Wang’s story revolves around China’s now-defunct One Child Policy, first established in the late 1970s for population control and in force for close to forty years. This brand of social engineering may condition some couples to think and behave strategically, but is just as likely to catch others off guard when fate deals them a bad hand, so that the bitter effects are lasting. In a tender portrayal set over thirty years from the 1980s to the 2010s, Wang chronicles the intersecting lives of two married couples and their young sons, whose friendships become strained when a misadventure leaves one family bereft of their child. Like a pendulum set to a rhythmic pace, the film’s skilful editing swings the narrative gently between different time periods in the arc, while also chiming a series of dramatic revelations with subtle grace. Playing the other married couple, Ai Liya and Xu Cheng are equally matched in excellence to their leads, as are the handful of memorable supporting characters in this epic story. The film’s Chinese title adapts a popular four-character idiom “Tian Chang Di Jiu”, which has a literal meaning of “Heaven Lengthy Earth Lasting”, but which figuratively means “timeless” or “eternal”, and is used to describe things that endure in a romantic way. By reversing the two halves of the idiom, Wang foregrounds the mortal world so that the altered meaning removes all sentimental undertones, colouring the revision instead with quiet anguish and a lingering sadness.

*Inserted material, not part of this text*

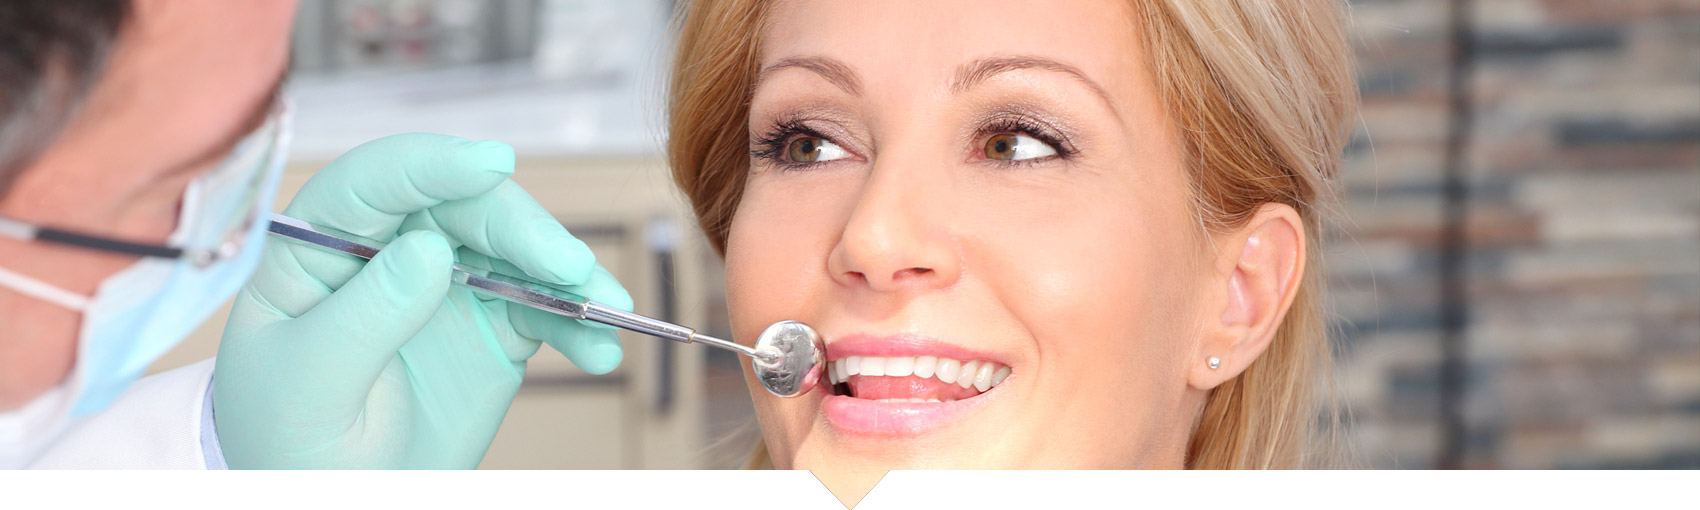 Meet Dr. Patel - Ontario Dental Center

For a while now, the prime example of Mainland Chinese filmmaking that has benefited from film festival exposure has tended to use the country’s breakneck modernity as fodder. It would be daring for independent filmmakers seeking global recognition not to exploit this rich history for content. China’s massive social and cultural change over the past forty years has exerted such a dominant force on its people that this movement continues to provoke creative responses to its varied contradictions. Wang’s instincts as a storyteller lie precisely in dramatizing the effects of this constant, which have resulted in a collection of cogent films fed by turbulent political traumas and degrees of autobiography. Although he has been on the scene for close to thirty years (his films have competed at all the three big European festivals), recognition sometimes eludes him. At the Q&A of TIFF’s second public screening of So Long, My Son, a man asked Wang if the film’s broad structure across time was inspired by the works of celebrated fellow Mainlander Jia Zhangke, also known for his sweeping commentaries on China’s societal changes. The man was likely referencing Jia’s last two films—Mountains May Depart (2015) and Ash Is Purest White (2018), which contained sprawling stories set against the backdrop of China on the move. Wang’s terse response was simply: “I am older than Jia Zhangke.”